# Din, Tarih, İlim, Müzik... > Türk Dünyası >  Türk Dünyasının küçük mucitleri Eskişehir'de yarışacak

## ceyda

Eğitim alanında yurt içi ve yurt dışında faaliyet gösteren bir sivil toplum kuruluşu olan Türkiye Gönüllü Eğitimciler Derneği, 'Buluş ve Tasarım' dalında 'Türk Dünyası Bilim Olimpiyatları' isimli proje yarışması düzenliyor. Türk Dünyası'nın küçük mucitlerini bir araya getirecek olan olimpiyat, Eskişehir 2013 Türk Dünyası Kültür Başkenti etkinlikleri kapsamında Eskişehir'de gerçekleştirilecek.
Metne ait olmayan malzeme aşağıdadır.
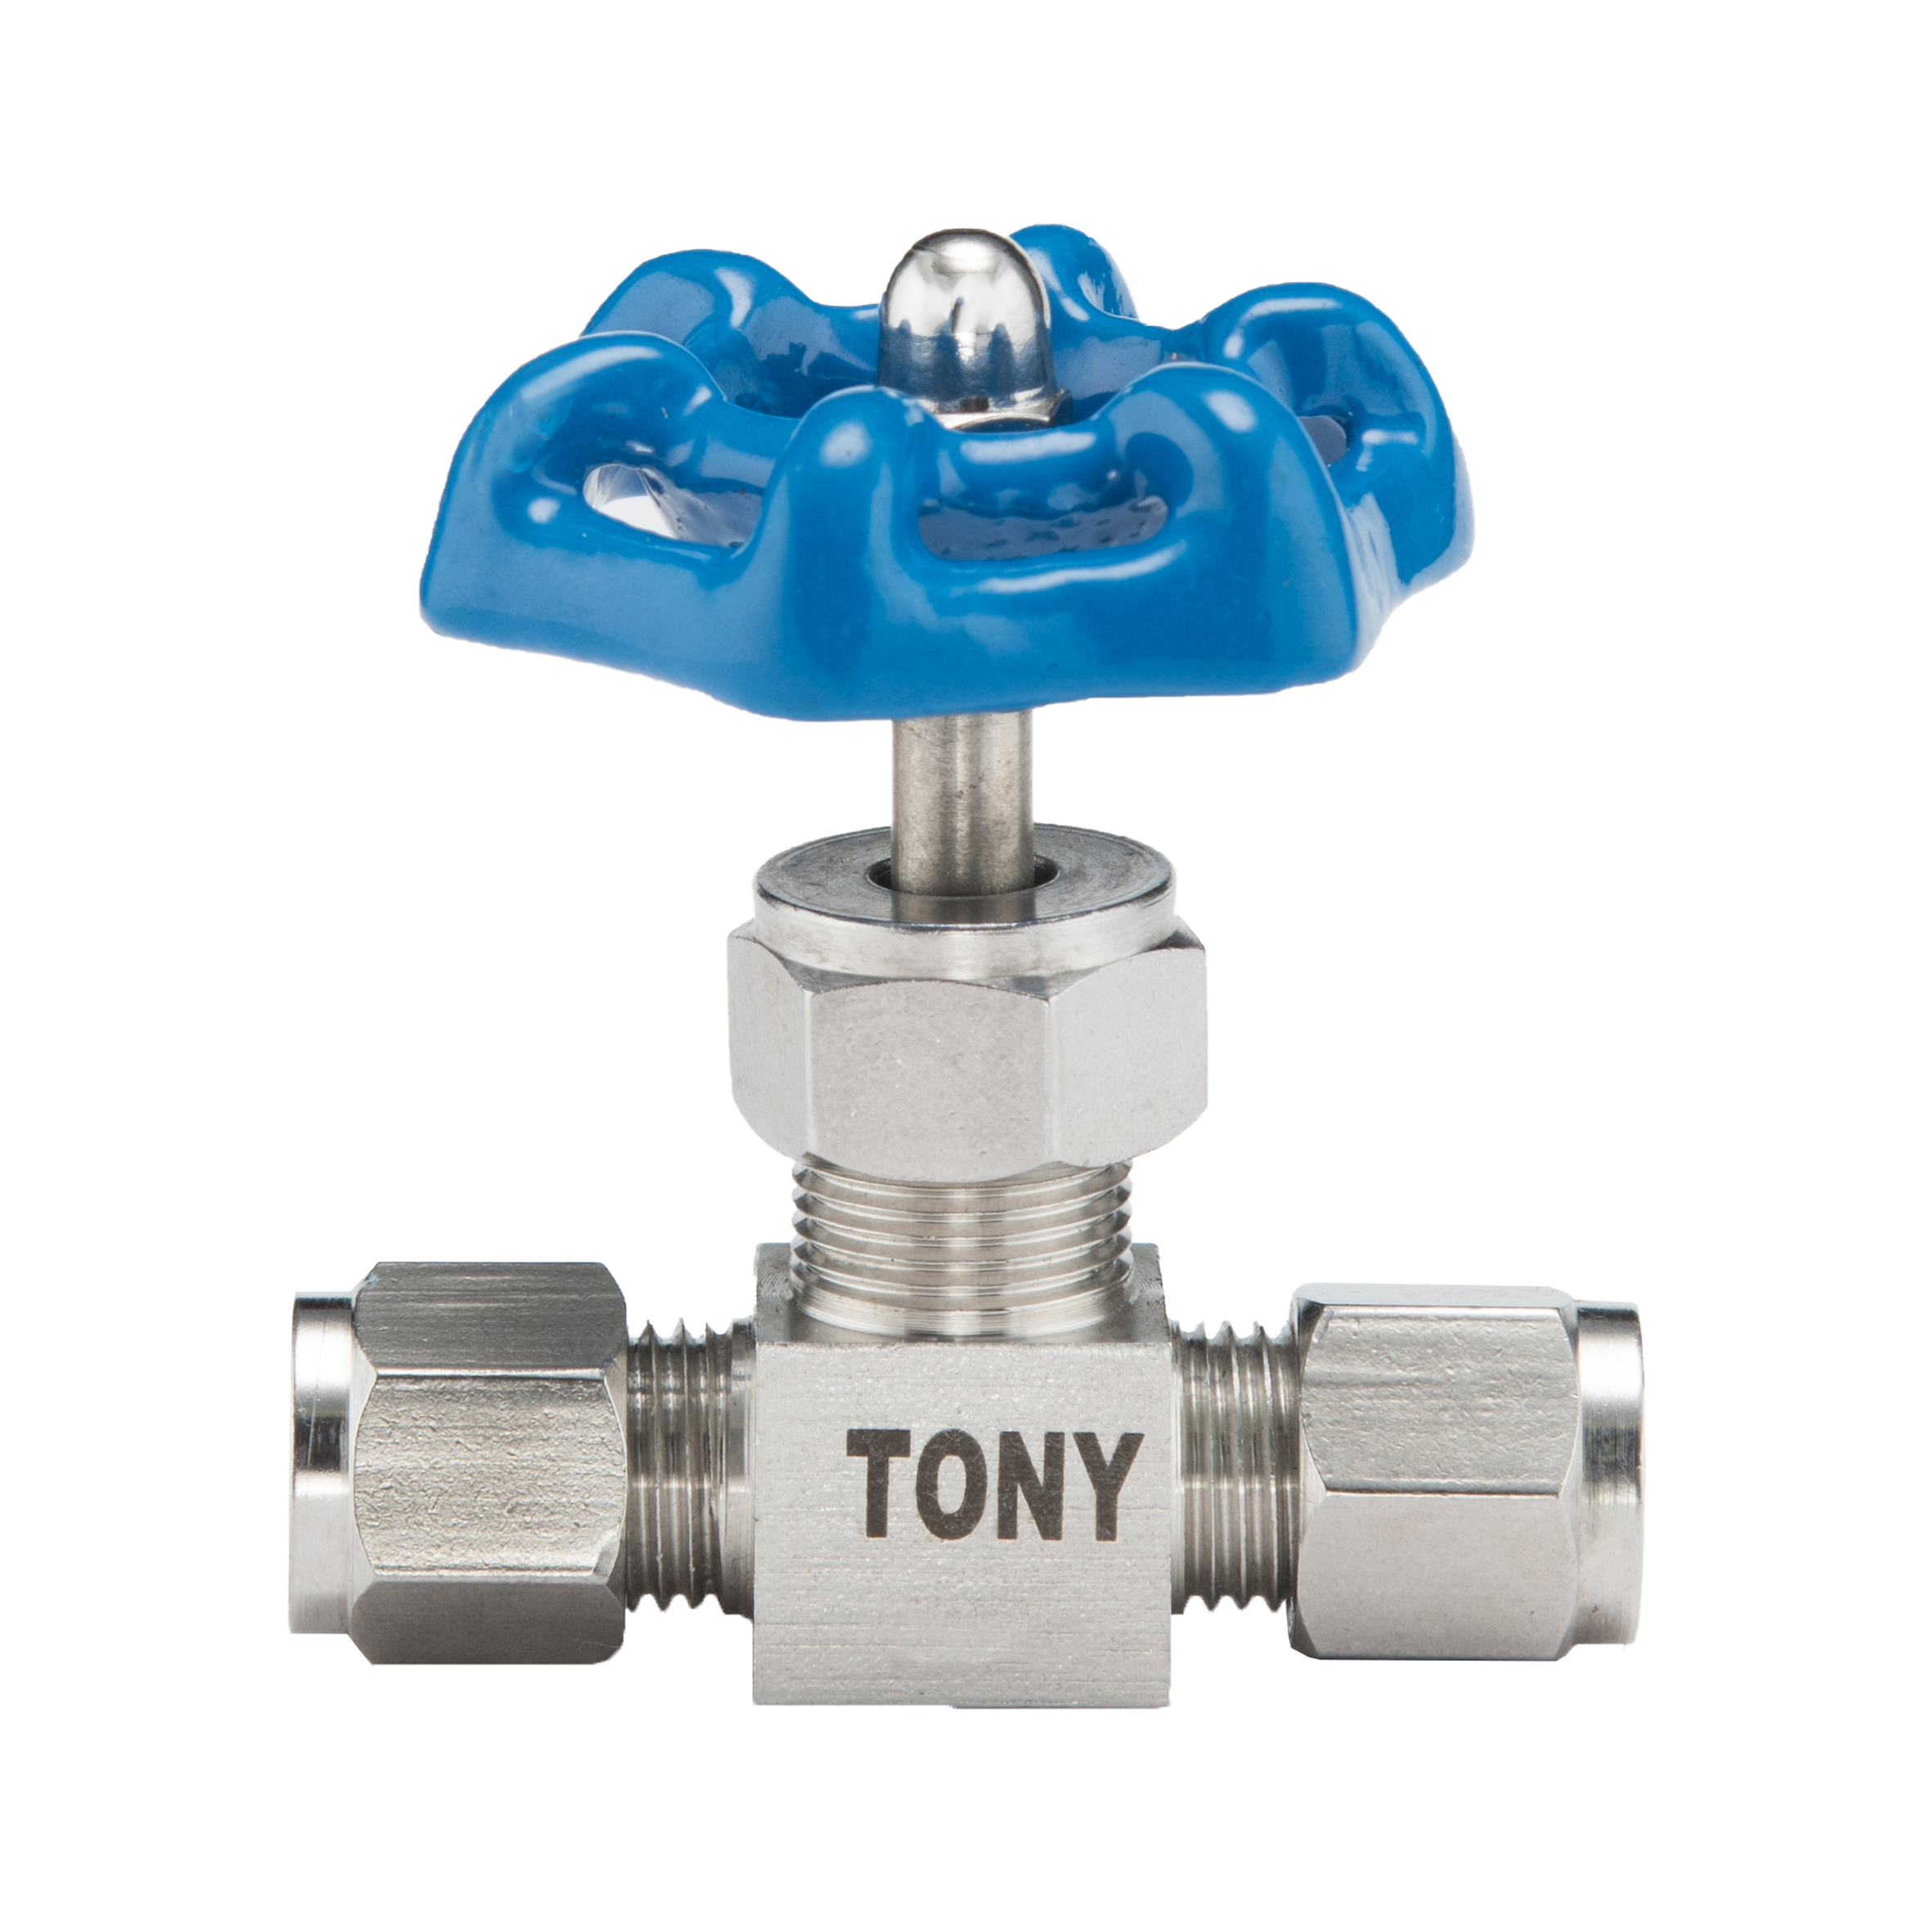 How Do Stainless Steel Needle valves Work And Apply?
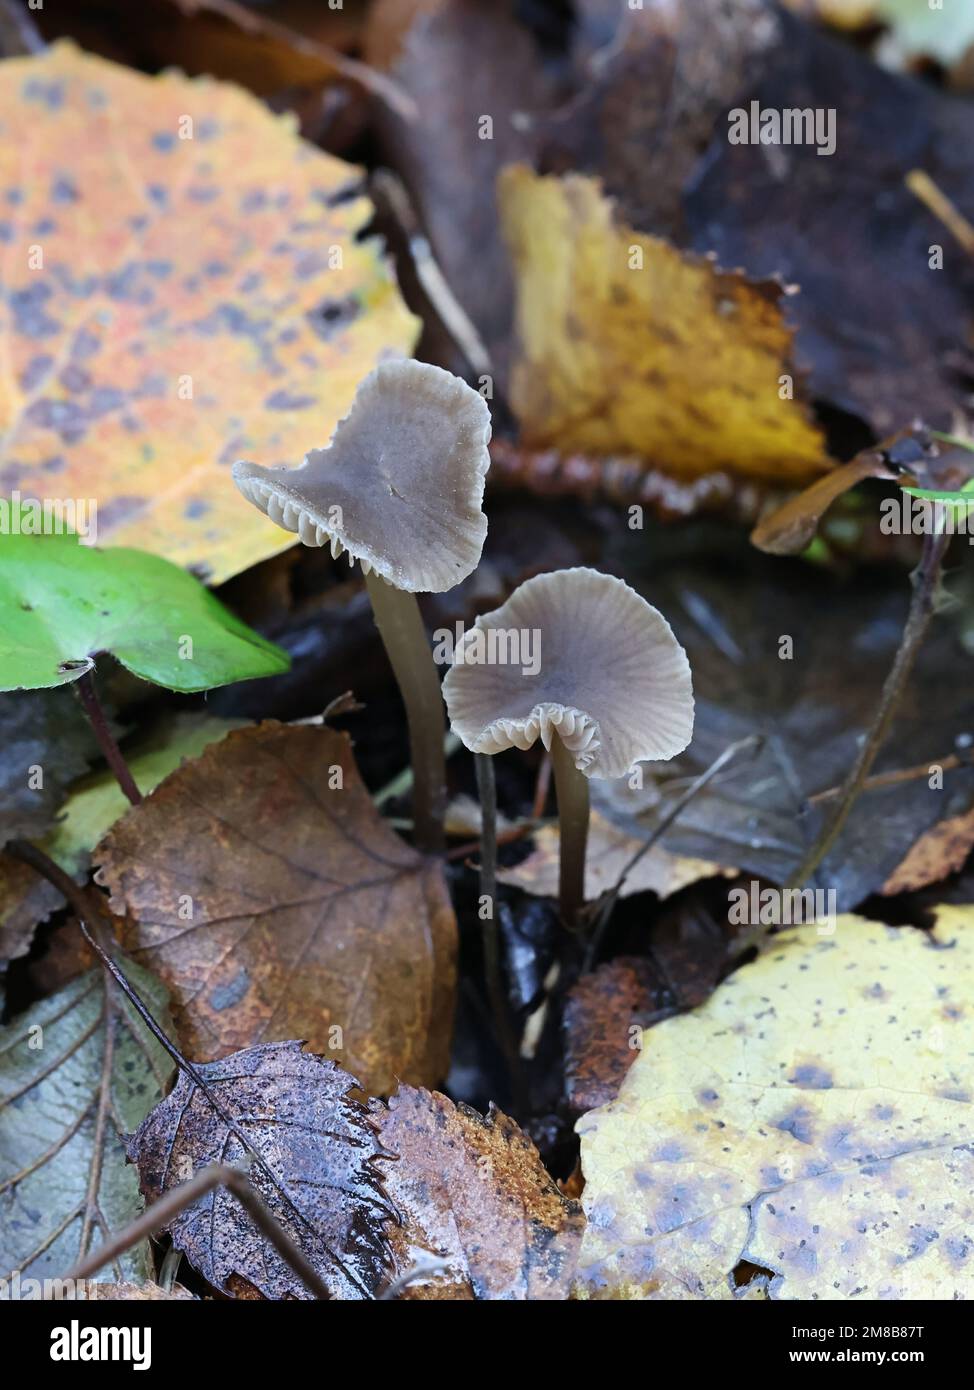 Entoloma juncinum, a pinkgill mushroom from Finland, no common English name Stock Photo

Olimpiyata, Türk Dünyası Ülkelerinde ilköğretim veya orta öğretim gören dört, beş, altı, yedi ve sekizinci sınıflarda okuyan veya yaşları 11-15 arasındaki öğrenciler katılabilecek. Yarışma da ön elemeyi geçen 100 eser 21-23 Nisan 2014 tarihleri arasında 3 gün süre ile Eskişehir'de sergilenecek.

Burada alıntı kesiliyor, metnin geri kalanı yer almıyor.